Venerdì 27 maggio è stata costituita ufficialmente in sede notarile a Piazza Armerina “EREA MediCoop”, cooperativa medica di servizi a impronta provinciale, con l’adesione di 23 medici di medicina generale (MMG) e continuità assistenziale (ex guardia medica). 
Ne fanno parte quasi tutti i medici di Piazza Armerina, assieme ad alcuni di Catenanuova e Centuripe. Si prevede l’ingresso a breve di altri professionisti del territorio ennese dei vari Distretti della nostra ASP.
Il CdA ha come presidente Vincenzo Filetti ed è formato da Agata Rappazzo, Paolo Campagna, Manlio Marzullo e Gianfranco La Porta.

Servizi principali che saranno tempestivamente messi a disposizione dei soci riguardano aspetti tecnologici, organizzativi e di aggiornamento professionale legati alle profonde innovazioni di ruolo e attività del MMG.
L’esperienza di questi anni in ambito nazionale ha evidenziato le potenzialità dell’esperienza cooperativistica tra Medici di medicina generale e di Continuità assistenziale e dei pediatri di libera scelta.
La gestione dei servizi e delle strutture complesse, l’organizzazione comune di attività, l’integrazione socio sanitaria, la realizzazione di attività nel campo della ricerca e dello sviluppo di tecnologie  complesse, ne hanno reso, in tutte le regioni italiane,  la costituzione momento imprescindibile di crescita ed espansione in materia organizzativo-sanitaria.

La cooperativa, che opera per i soci, ha per missione la realizzazione di un preciso scopo 
mutualistico condiviso: fornire servizi ai soci  a condizioni  favorevoli e accrescere gli strumenti e le potenzialità di sviluppo professionale, per favorire il rapporto professionale e la qualità di esso con gli assistiti.
La Cooperativa di servizi nasce quindi per fornire ai soci gli strumenti, il personale e l’organizzazione necessari alla attività, con modelli di gestione orientati alla informazione, formazione e al  coinvolgimento dei soci stessi.
Il comune denominatore sarà la correttezza formale e sostanziale nel rapporto di lavoro, un codice comportamentale univoco e un coordinamento delle varie attività dei singoli medici, da cui trarranno sicuramente benefici, seppur in maniera trasversale, anche gli utenti-pazienti del territorio.
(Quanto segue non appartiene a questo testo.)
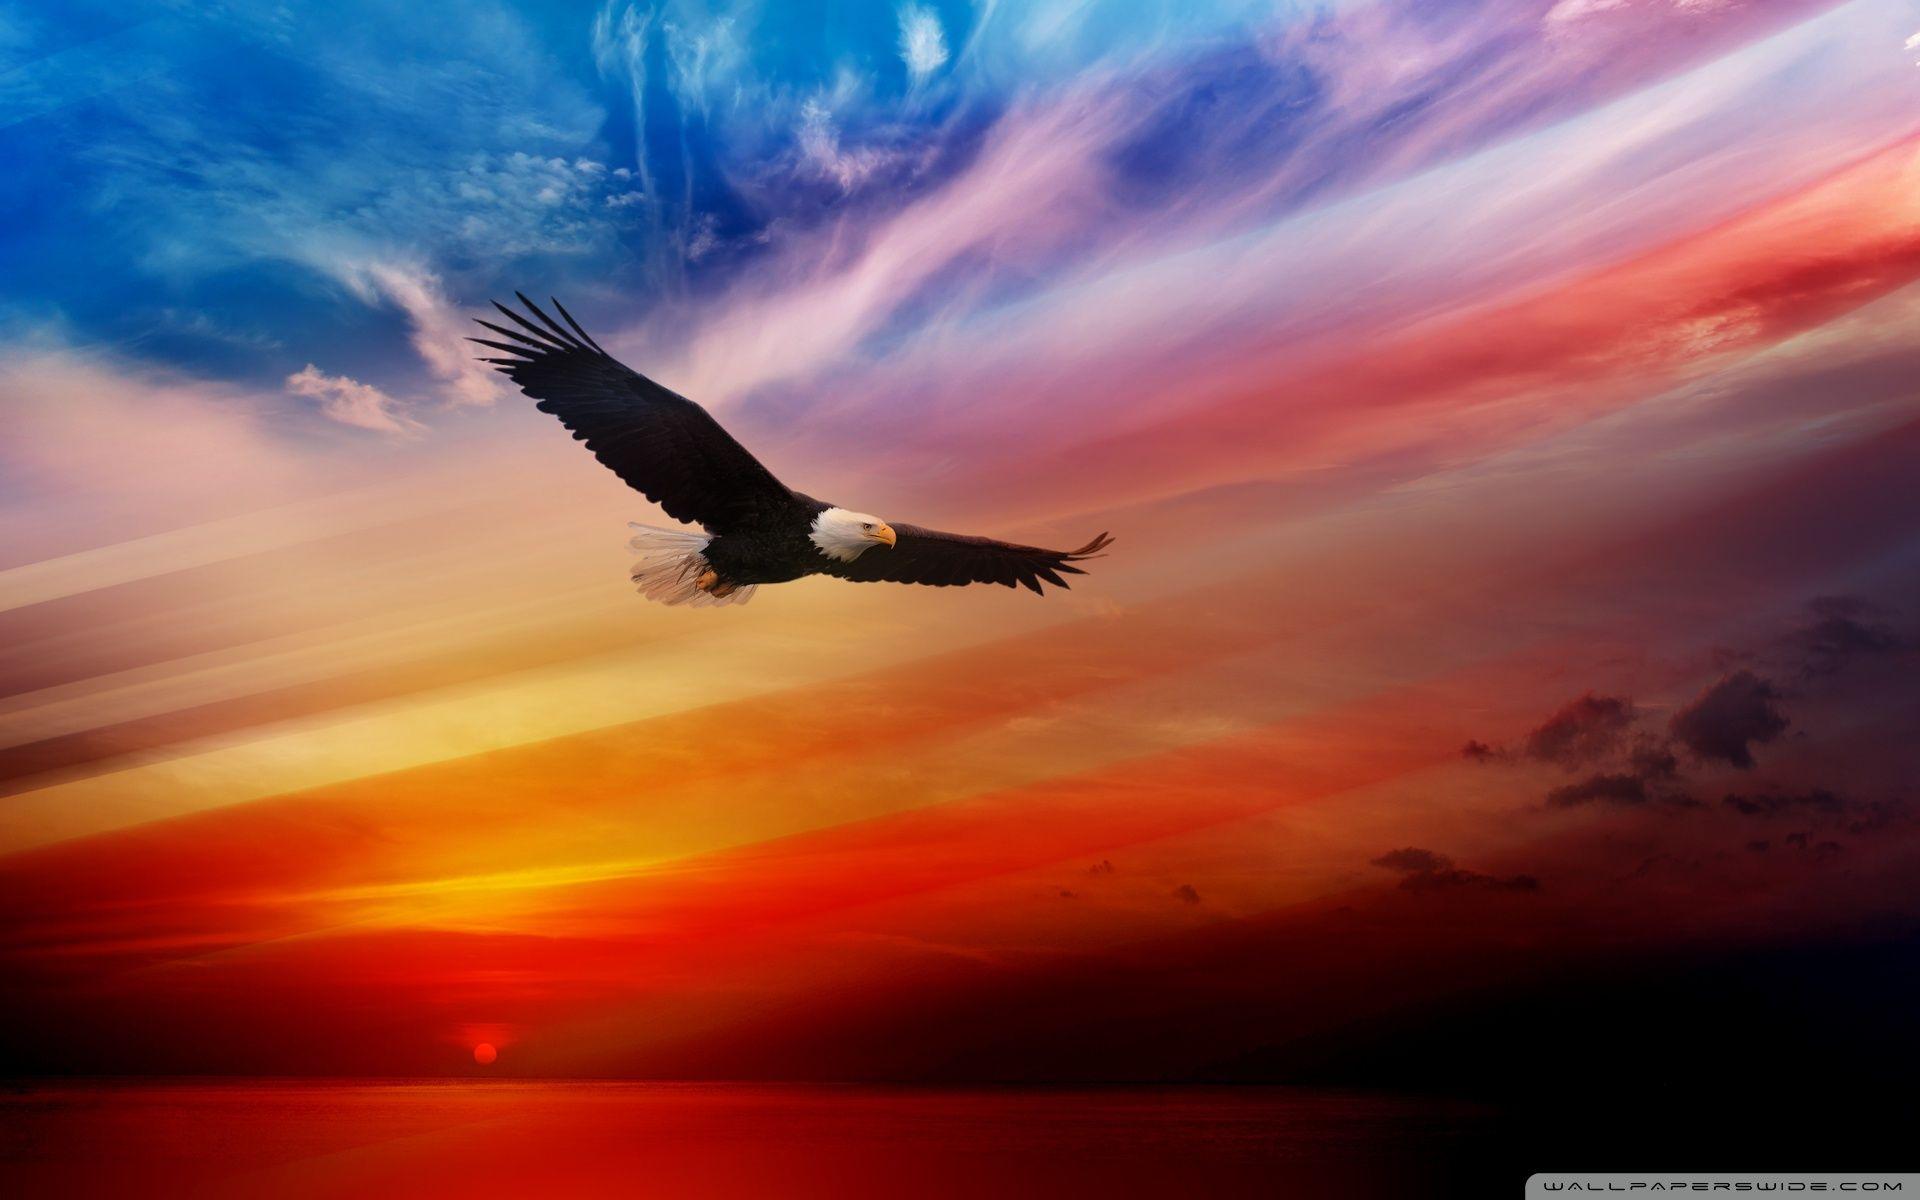 american flag sunset wallpaper

Le nuove forme funzionali e strutturali, difatti, che a breve saranno indicate dal Sistema Sanitario Nazionale, al vaglio di accordi regionali ed aziendali, condurranno a forme associative complesse che si sviluppano e realizzano nuove attività e che non sono gestibili con forme societarie deboli ( come ad es. solo con studi associati). Per gestire le forme associative complesse è necessaria una forma societaria stabile, come appunto una Cooperativa di servizi, indispensabile in ogni caso a mantenere il coinvolgimento dei MMG e di ex guardia medica, che diverranno presto parte integrante in un “ruolo unico”.
EREA MediCoop ha una forma societaria solida, opererà sempre con scopi mutualistici e intende dotarsi di supporti tecnologici ed informatizzati in grado di collegare i professionisti che vi operano e di scambiare dati con i poli di riferimento per uno sviluppo della medicina d’iniziativa (prevenzione, educazione e informazione sanitaria).
Tra le attività in cui sarà impegnata la Cooperativa per l’implementazione di nuovi modelli di erogazione di prestazioni sanitarie e per la fornitura di servizi gestionali, tecnici ed amministrativi, a vantaggio del cittadino/utente e del medico socio della Cooperativa, si segnala il primo progetto in itinere: quello di uno screening per quanto riguarda i soggetti affetti da BPCO (bronco-pneumopatia cronica ostruttiva) per elaborare dei dati significativi, estesi ad un campione di popolazione adeguato, che servirà a porre le basi per un protocollo preventivo ed interventistico da proporre ai vertici della Struttura aziendale provinciale ennese.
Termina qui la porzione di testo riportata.